Надежда, закованная в строгие научные термины, из-под ее пальцев выходит с какой-то неоправданной для Тринадцатого легкостью. Сквозь сталь и бетон прорастают хрупкие стебли. Разум, повторяет Илария, острее любого скальпеля и опаснее любой боеголовки; она, кажется, даже дышит реже других, чтобы меньше потреблять кислород. Она унаследовала от отца не только должность, но и факел, который, как он верил и любил учить ее перед сном, выведет Панем на свет — Илария гордится им бесконечно, подчиняя хаотичное человеческое существование упорядоченному хоральному ритму.

Ее гений стоял за штаммом питательных водорослей, которые цвели в кромешной тьме гидропонных ферм, спасая тысячи от голода. Ее рук дело — генная терапия, подавляющая у людей метаболическую потребность в солнечном свете, позволившая целым поколениям родиться и жить, никогда не видя солнца. Илария часами говорит о квантовых состояниях и молекулярных связях, но замолкает, смущенная и запутавшаяся, когда речь заходит о чем-то иррациональном — красота, надежда, любовь.
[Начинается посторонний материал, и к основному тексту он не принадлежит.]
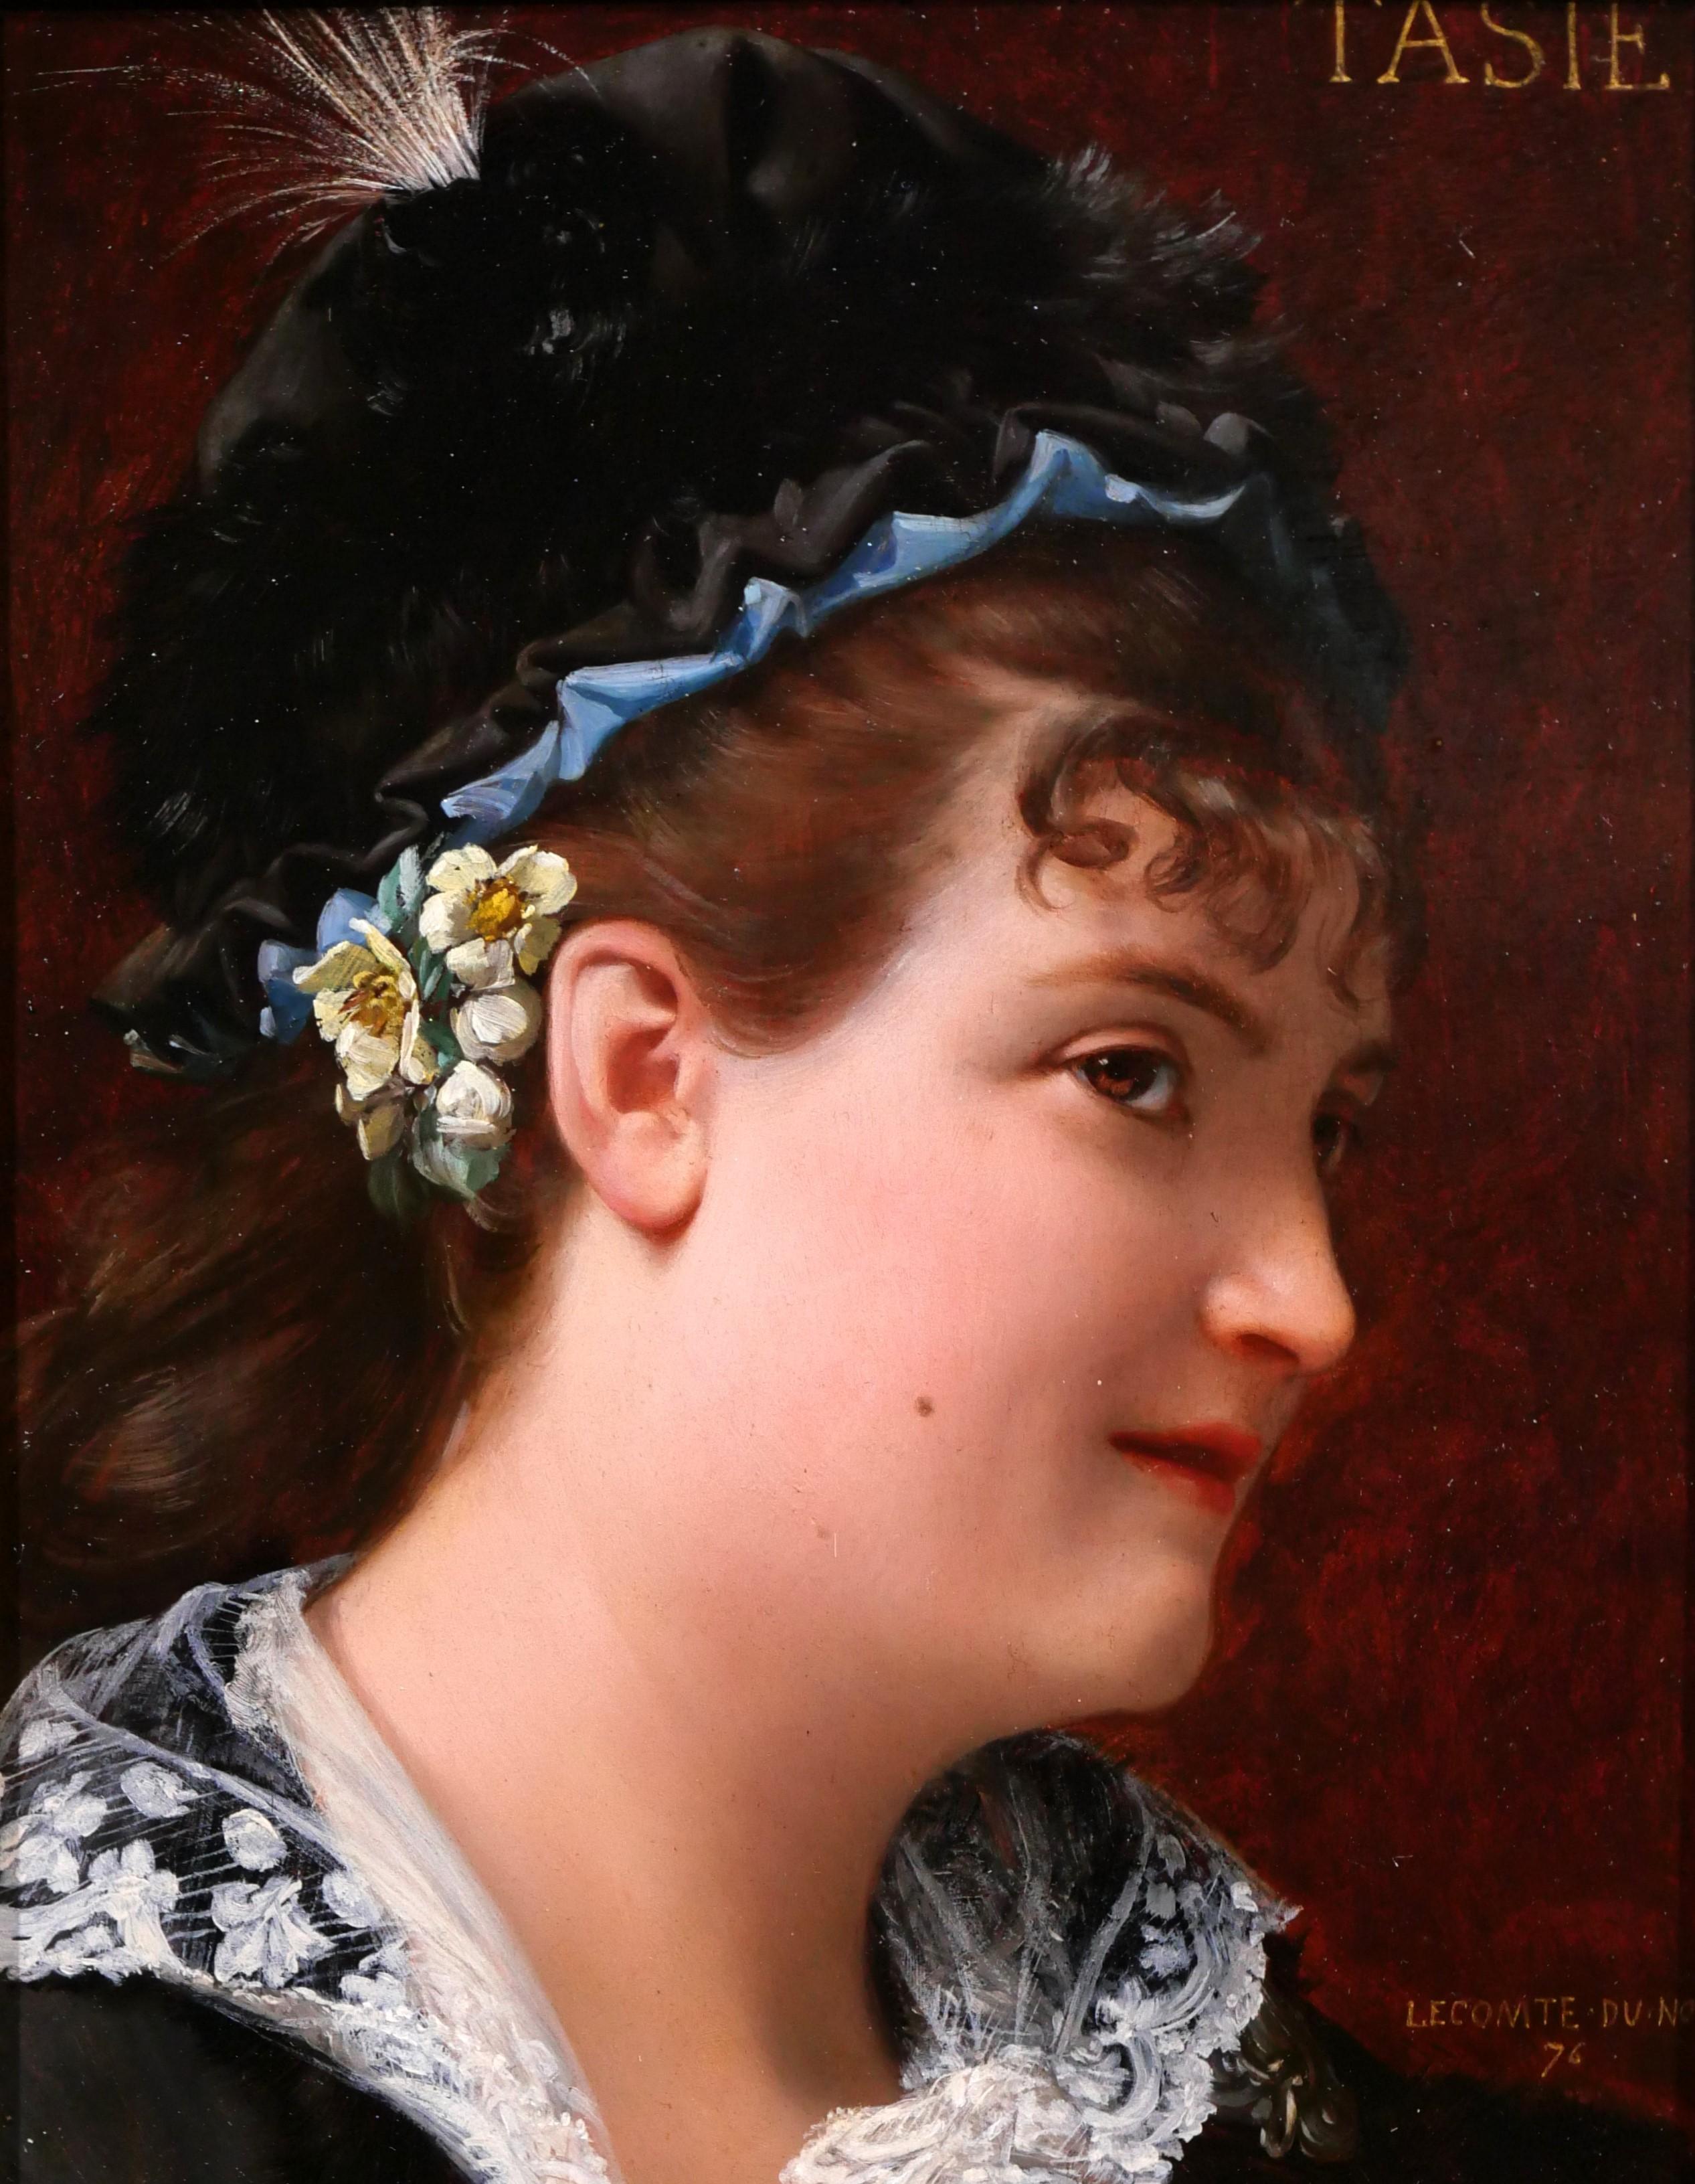 Portrait de femme, Tasie - Académique Painting par Jean Jules Antoine LECOMTE DU NOÜY
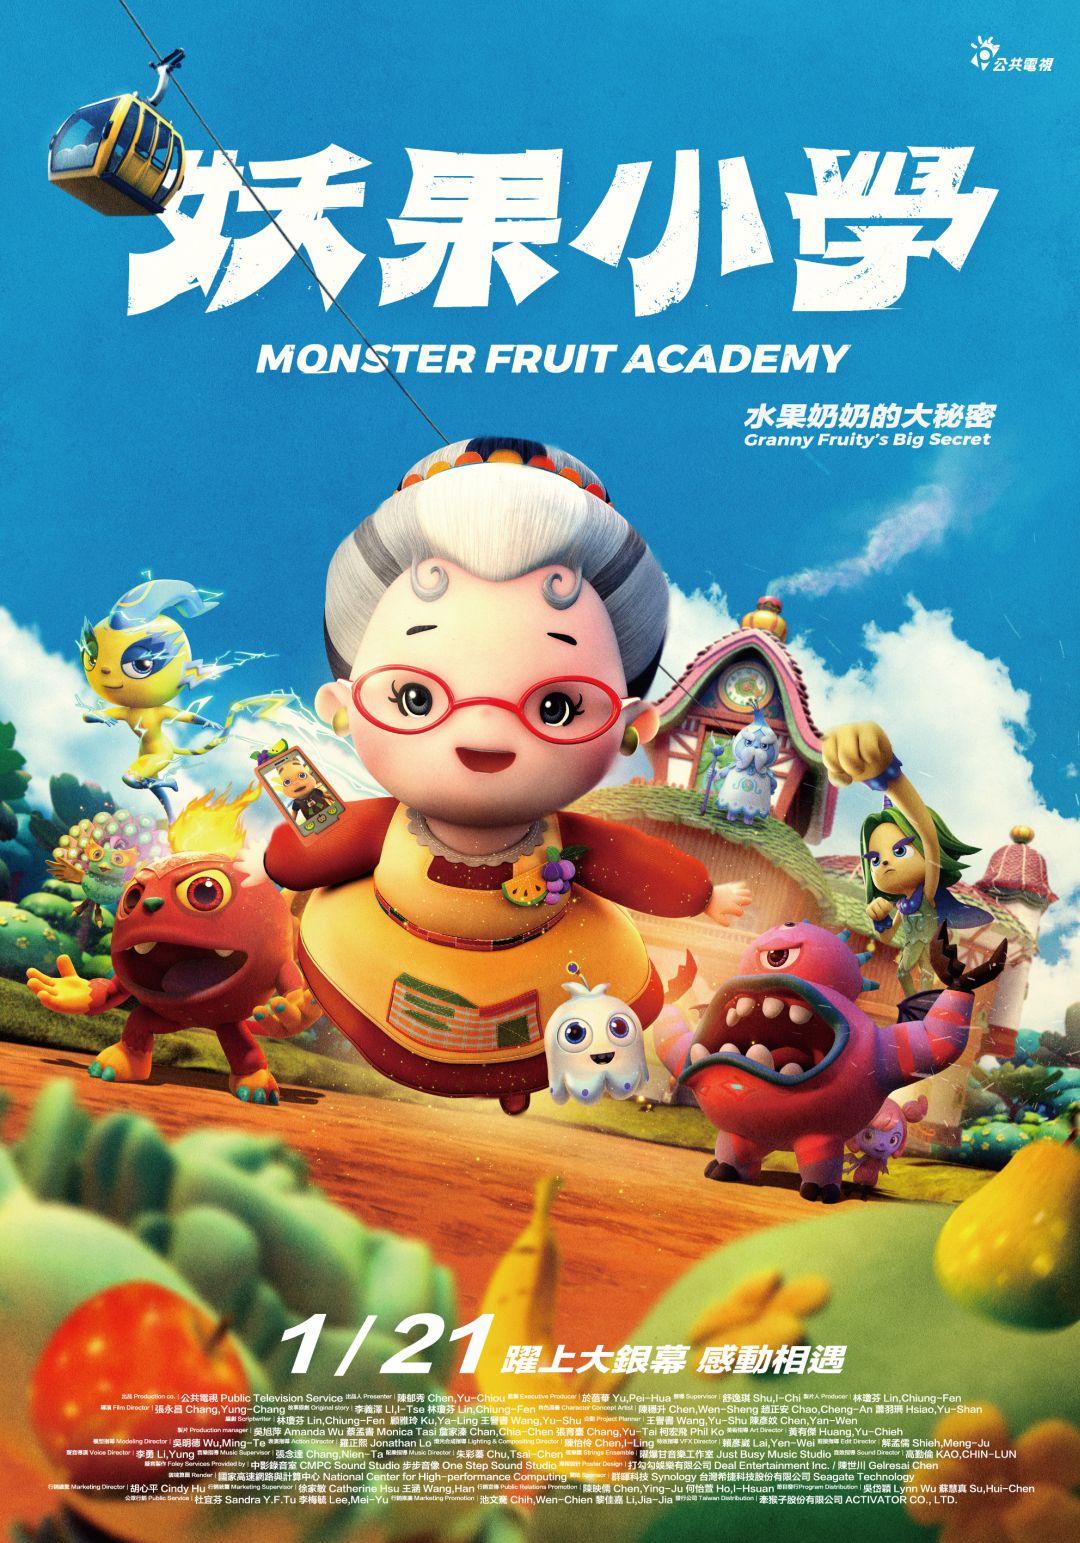 妖果小學-水果奶奶的大秘密Monster Fruit Academy

Есть своя жестокая ирония в том, чего хотел для нее папа и как далеко она ушла от его простых человеческих желаний; в том, что она может переписать код самой жизни, если захочет, но не может расшифровать порывы своего собственного сердца.

каин [cain], mid 30s.
командир отряда «теней».

https://upforme.ru/uploads/001c/92/89/4/813322.png  https://upforme.ru/uploads/001c/92/89/4/614370.png  https://upforme.ru/uploads/001c/92/89/4/405069.png

Ебаный призрак с удостоверением личности. Тень, отбрасываемая самим понятием порядка. Имя, которое никогда не произносят вслух, лишь шепчут за спиной, с опаской оглядываясь на стены, которые, все знают, имеют уши. Каин — иммунитет Тринадцатого, безжалостный и беспощадный к любым инородным телам. Вы бы прошли мимо него в коридоре, в столовой, в жилом секторе и не запомнили бы ни единой детали — лицо Каина намеренно ничем не примечательно, соткано из полутонов и забытых черт.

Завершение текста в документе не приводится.